我不清楚,如果你想要的邊界是所請求的對象的外邊緣上的每個像素,或與該對象的邊界的每個像素。我現在假設前者。
設置圖片:
下面是你如何去做這件事。首先,設置你的圖像作爲2-d陣列,用標記有組號的每個像素:
[ 0 0 0 0 1 1 0 ]
[ 0 0 2 0 0 0 0 ]
[ 0 2 2 0 3 3 0 ]
[ 0 2 2 0 0 3 0 ]
[ 0 2 2 0 0 0 0 ]
[ 0 2 0 0 4 4 0 ]
[ 0 0 0 0 4 4 0 ]
一個好的方式來加載,這將是使用一個Scanner對象來獲取每個點,一個接一個:
List<Point> points = new ArrayList<>();
Scanner scanner = new Scanner(/* whatever your input source is */);
String pointRegex = "\\(\\d,\\d\\)"; //looks for something like "(#,#)"
while(!scanner.hasNext(pointRegex)){
String pointText = scanner.next(pointRegex); //For example, "(5,4)"
Point point = getPointFromText(pointText); //turns a string into a point
points.add(point);
}
請注意使用Scanner.next(String pattern)。這是一種方法,將返回看起來像那個模式的下一個String。在(閱讀上的正則表達式,如果你想了解更多有關如何工作的。)
我們填充網格:
boolean[][] binaryImage = new boolean[width][height];
for(Point p : points){ //Iterate through each Point inside our List of Point objects
binaryImage[p.getX()][p.getY()] = true;
}
這使得對象,通過我們的Point對象的集合「points代表「,變成boolean s的格子。我們只需要擔心這個對象,所以我們不需要加載任何其他對象。

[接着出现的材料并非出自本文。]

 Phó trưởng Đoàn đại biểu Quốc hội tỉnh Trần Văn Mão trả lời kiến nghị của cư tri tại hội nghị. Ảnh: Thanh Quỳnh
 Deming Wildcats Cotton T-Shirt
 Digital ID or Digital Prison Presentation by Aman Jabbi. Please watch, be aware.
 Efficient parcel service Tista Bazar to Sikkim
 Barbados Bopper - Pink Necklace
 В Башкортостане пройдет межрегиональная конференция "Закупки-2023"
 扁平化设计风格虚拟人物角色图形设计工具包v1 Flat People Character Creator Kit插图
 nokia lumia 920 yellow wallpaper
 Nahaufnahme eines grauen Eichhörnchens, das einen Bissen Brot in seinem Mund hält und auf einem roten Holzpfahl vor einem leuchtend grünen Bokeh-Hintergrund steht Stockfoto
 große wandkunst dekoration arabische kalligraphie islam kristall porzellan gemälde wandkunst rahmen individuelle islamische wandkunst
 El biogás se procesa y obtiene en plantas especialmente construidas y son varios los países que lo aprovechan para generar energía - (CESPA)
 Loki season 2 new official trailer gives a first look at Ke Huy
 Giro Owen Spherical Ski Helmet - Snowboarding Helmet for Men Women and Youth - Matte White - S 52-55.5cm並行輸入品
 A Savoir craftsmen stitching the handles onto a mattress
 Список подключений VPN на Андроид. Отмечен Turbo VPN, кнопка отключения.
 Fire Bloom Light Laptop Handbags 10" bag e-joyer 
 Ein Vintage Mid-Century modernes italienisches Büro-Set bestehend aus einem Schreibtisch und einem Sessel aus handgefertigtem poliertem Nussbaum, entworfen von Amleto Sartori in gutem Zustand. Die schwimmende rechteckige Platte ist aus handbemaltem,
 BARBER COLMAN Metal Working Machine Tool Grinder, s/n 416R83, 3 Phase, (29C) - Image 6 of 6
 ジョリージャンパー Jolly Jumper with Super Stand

現在找出外圍的點。
遞歸方法:
boolean[][] visitedBefore = new boolean[width][height];
boolean[][] isOnPerimeter = new boolean[width][height];
int[] deltaX = {-1, 0, 1, -1, 1, -1, 0, 1},
deltaY = {-1, -1, -1, 0, 0, 1, 1, 1};
Queue<Point> searchNext = new LinkedList<>();
searchNext.add(points.get(0)); //Just need one point to get going
while(!searchNext.isEmpty()){
Point p = searchNext.remove(); //take what's waiting at the front of the queue
if(visitedBefore[p.getX()][p.getY()]){
continue; //already check this spot!
}
//mark that we've been here
visited[p.getX()][p.getY()] = true;
//look at all of this Point's neighbors
for(int i = 0 ; i < deltaX.length ; i++){
int newX = p.getX() + deltaX[i];
int newY = p.getY() + deltaY[i];
//make sure this isn't out of bounds
if(newX < 0 || newX >= width || newY<0 || newY>=height){
isOnPerimeter[p.getX()][p.getY()] = true; //if you decide bordering the edge of the image counts as being on the perimeter
continue;
}
//check if this new point we're considering isn't part of the image
if(binaryImage[p.getX()][p.getY()] != binaryImage[newX][newY]){
//if it isn't, then this Point p must be on the perimeter
isOnPerimeter[p.getX()][p.getY()] = true;
} else {
/* otherwise, this new point we're considering is part of the
* same object, and could be part of the perimeter. */
searchNext.add(new Point(newX, newY));
}
}
}
現在你有一個在外線的每個點的網格標記爲true。如果你需要這些作爲一個列表,挑選出這些點很簡單:
List<Point> perimeter = new ArrayList<Point>();
for(int x = 0 ; x < isOnPerimeter.length ; x++)
for(int y = 0 ; y < isOnPerimeter[x].length ; y++)
perimeter.add(new Point(x,y));
迭代方法:
這是非常類似上面,而是直接跳轉到把周邊點到列表中。
int[] deltaX = {-1, 0, 1, -1, 1, -1, 0, 1},
deltaY = {-1, -1, -1, 0, 0, 1, 1, 1};
outer: for(Point p : points){
inner: for(int i = 0 ; i < deltaX.length ; i++){
int newX = p.getX() + deltaX[i];
int newY = p.getY() + deltaY[i];
//check if this new point we're considering is outside the image
if(newX < 0 || newX >= width || newY<0 || newY>=height){
perimeter.add(p); //if you decide bordering the edge of the image counts as being on the perimeter
continue outer;
}
//check if this new point we're considering isn't part of the image
if(binaryImage[p.getX()][p.getY()] != binaryImage[newX][newY]){
//if it isn't, then this Point p must be on the perimeter
perimeter.add(p);
continue outer;
}
}
}
注意標籤outer:和inner:。當我們說continue outer;時,這讓我們選擇哪個循環跳過。
你走了!這應該可以幫助您將任何對象的邊界視爲二進制圖像或列表。